The existing 2MB chunk limit only locks a chunk after it is already oversized (preventing future writes to it), but does nothing to prevent a single write from exceeding it in the first place. There was simply no mechanism to split a large metric payload across multiple chunks.

This did not affect in_prometheus_remote_write because the sender controls batch size — each HTTP POST is a separate flb_input_metrics_append() call that naturally produces small chunks. But any input that collects all metrics in one shot (prometheus_scrape, node_exporter_metrics, etc.) is affected.

Root cause

flb_input_metrics_append() unconditionally:

  1. Encodes the full cmt context into a single msgpack buffer via cmt_encode_msgpack_create()
  2. Calls flb_input_chunk_append_raw() with the entire buffer as one unit
  3. Passes n_records = 0 for metrics, so the chunk system has no way to make record-level decisions

No size checking, no splitting, no batching existed.

Fix

A size-aware splitting path is added to input_metrics_append() in src/flb_input_metric.c:

Fast path (unchanged behavior): Encode the full cmt context. If the encoded size is <= 2MB, append as-is. Zero behavioral change for small payloads.

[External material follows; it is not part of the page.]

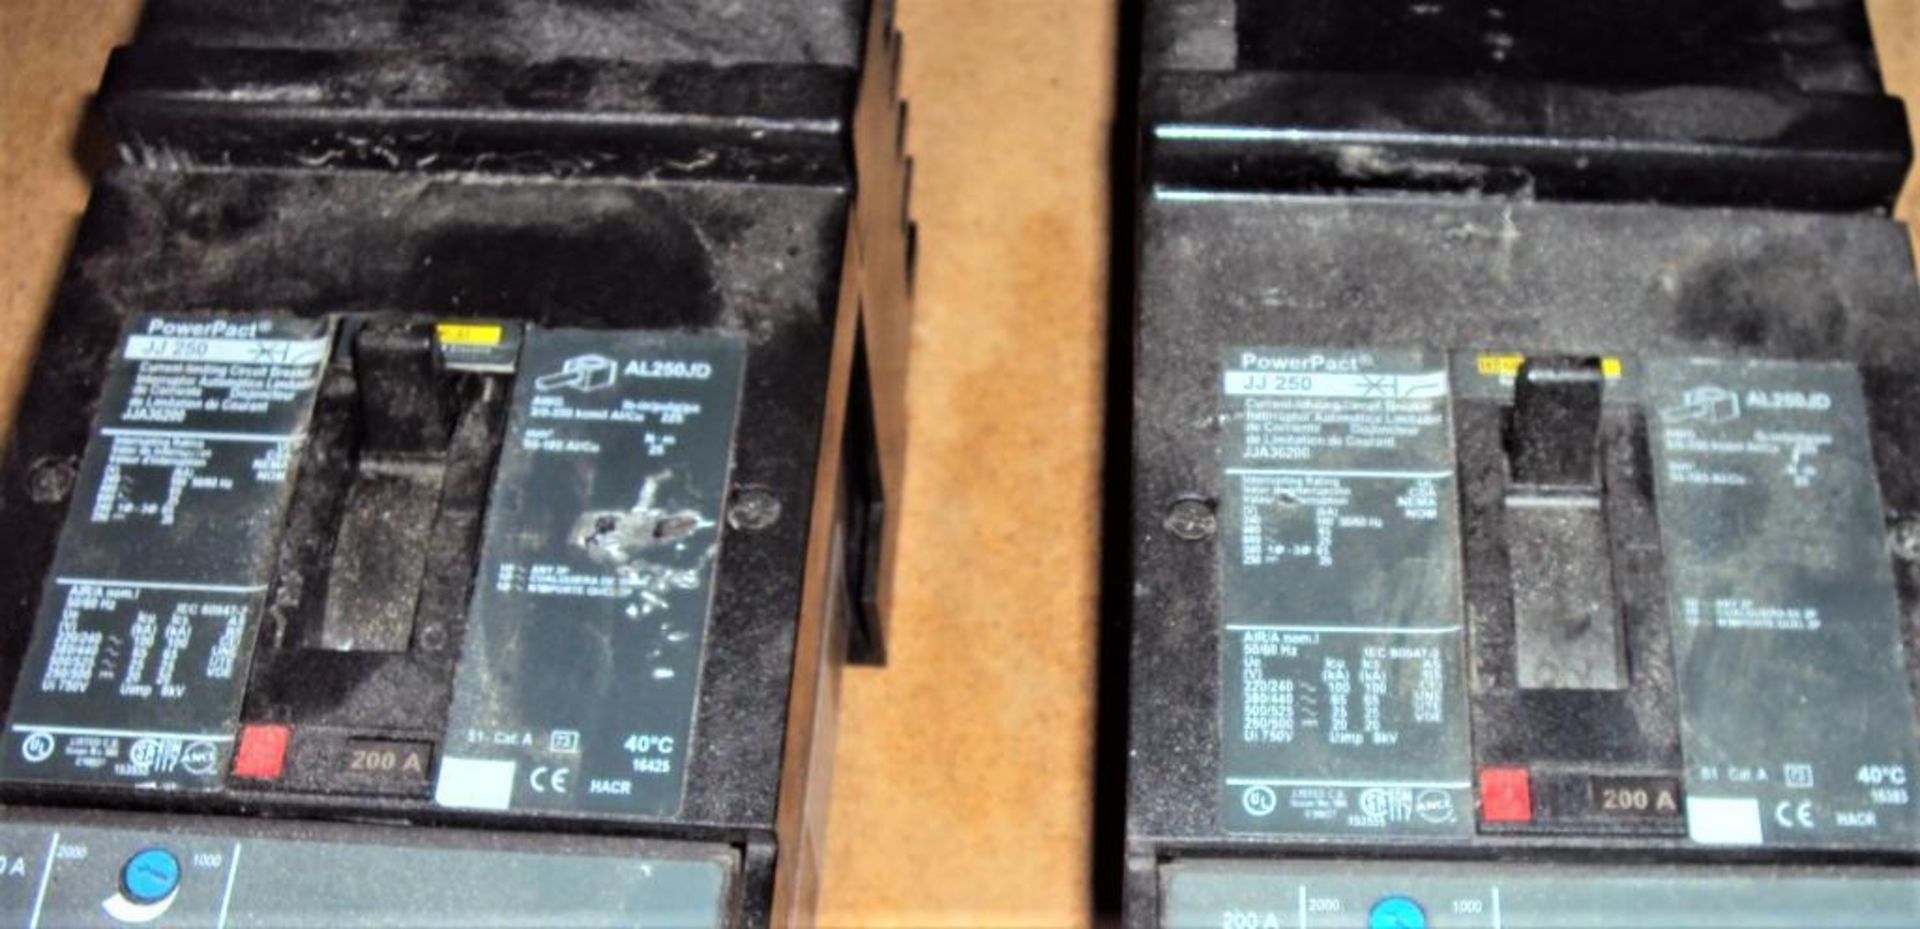 (2) Square D JJ250 & (1) LG400 PowerPact Circuit Breakers - Image 2 of 4

Slow path (new): When encoded size exceeds 2MB:

  1. Count total metric families across all 6 type lists (counters, gauges, untypeds, histograms, exp_histograms, summaries)
  2. Estimate families_per_batch proportionally: total_families * chunk_limit / encoded_size (minimum 1, using 64-bit arithmetic to avoid overflow on 32-bit platforms)
  3. Iterate all families using cmt_cat_*() to copy each into a temporary cmt batch context
  4. When a batch reaches the target family count, encode to msgpack and append as its own chunk
  5. Flush any remaining partial batch at the end

Static labels are copied to each batch. The splitting granularity is at the metric family level — individual families are never broken apart. If a single family still exceeds the chunk limit, a warning is logged since no further splitting is possible.

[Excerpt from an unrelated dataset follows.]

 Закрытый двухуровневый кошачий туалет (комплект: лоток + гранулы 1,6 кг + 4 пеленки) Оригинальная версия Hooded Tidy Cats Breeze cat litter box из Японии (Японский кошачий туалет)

The fix is in flb_input_metrics_append() so it benefits all metric inputs, not just prometheus_scrape.

New helper functions

Function Purpose
copy_static_labels() Copies static labels from source to batch cmt context
input_metrics_split_and_append() Core splitting logic: counts families, estimates batch size, iterates and flushes batches

Design decisions

  • 64-bit arithmetic (uint64_t) for the batch size numerator to avoid overflow on 32-bit platforms (e.g., embedded ARM where Fluent Bit also runs)
  • cfl_list_foreach_safe used for list iteration as a defensive measure in case cmt_cat_*() functions ever modify source list nodes
  • goto-based centralized error cleanup instead of return from macro, making resource management explicit and debugger-friendly
  • Partial-append-on-error: if a mid-batch failure occurs, previously appended batches are NOT rolled back. This is acceptable because metrics consumers (Prometheus, OTLP) handle partial scrapes gracefully
  • No metadata deep-copy: internal/external kvlists are not copied to batches to avoid complexity; the primary consumers do not depend on per-chunk metadata

Testing

All 81 internal tests pass (80 existing + 1 new test file).

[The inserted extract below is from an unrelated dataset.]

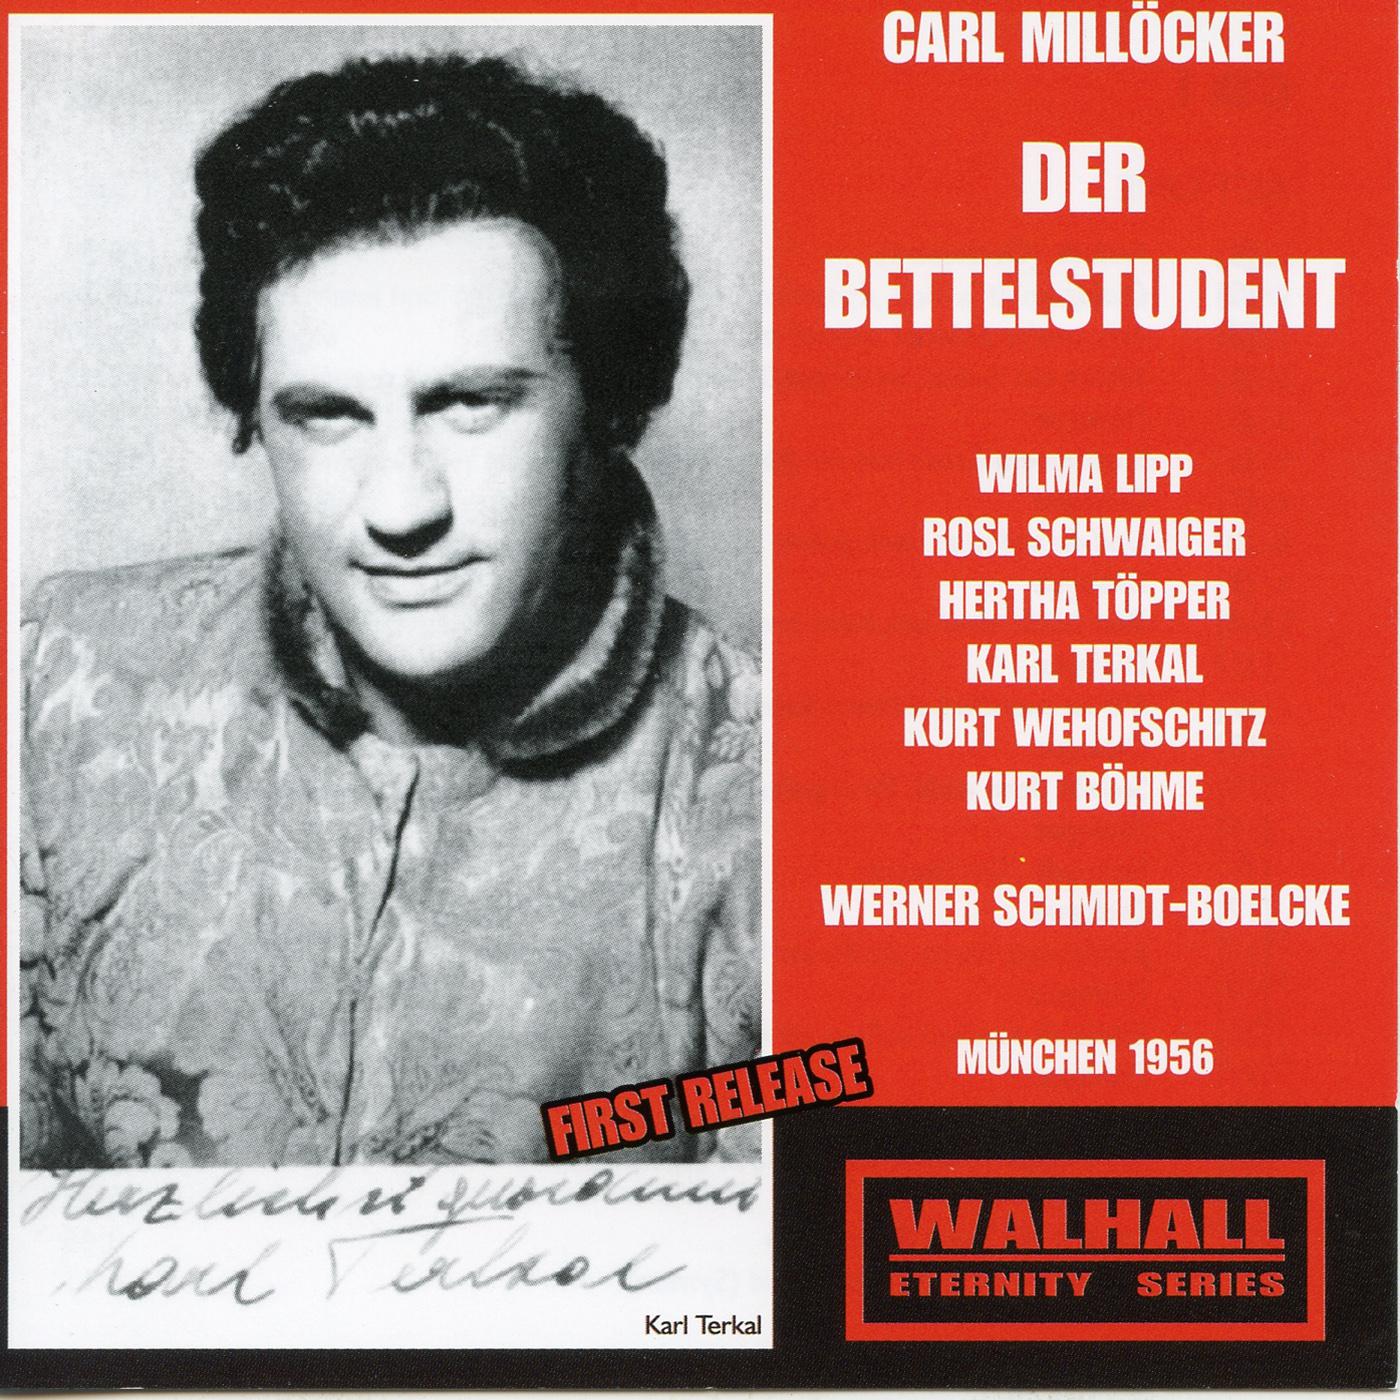 MILL CKER, C.: Bettelstudent Der Operetta Lipp, Schwaiger, T pper, Terkal, Wehofschitz, B hme, SchmidtBoelcke 1956

New test file tests/internal/input_metric.c with 6 test cases:

Test What it verifies
static_labels_copy Static labels are correctly copied between cmt contexts
cat_single_counter cmt_cat_counter produces identical encoded output
batch_split_preserves_families 20 families split into batches of 5 -> 4 batches, all 20 recovered via encode-decode round-trip
batch_split_mixed_types Mixed counters + gauges split correctly across batch boundaries
empty_context Empty cmt has 0 families in all 6 lists
families_per_batch_calculation Batch size formula correctness including edge cases (single family, large counts)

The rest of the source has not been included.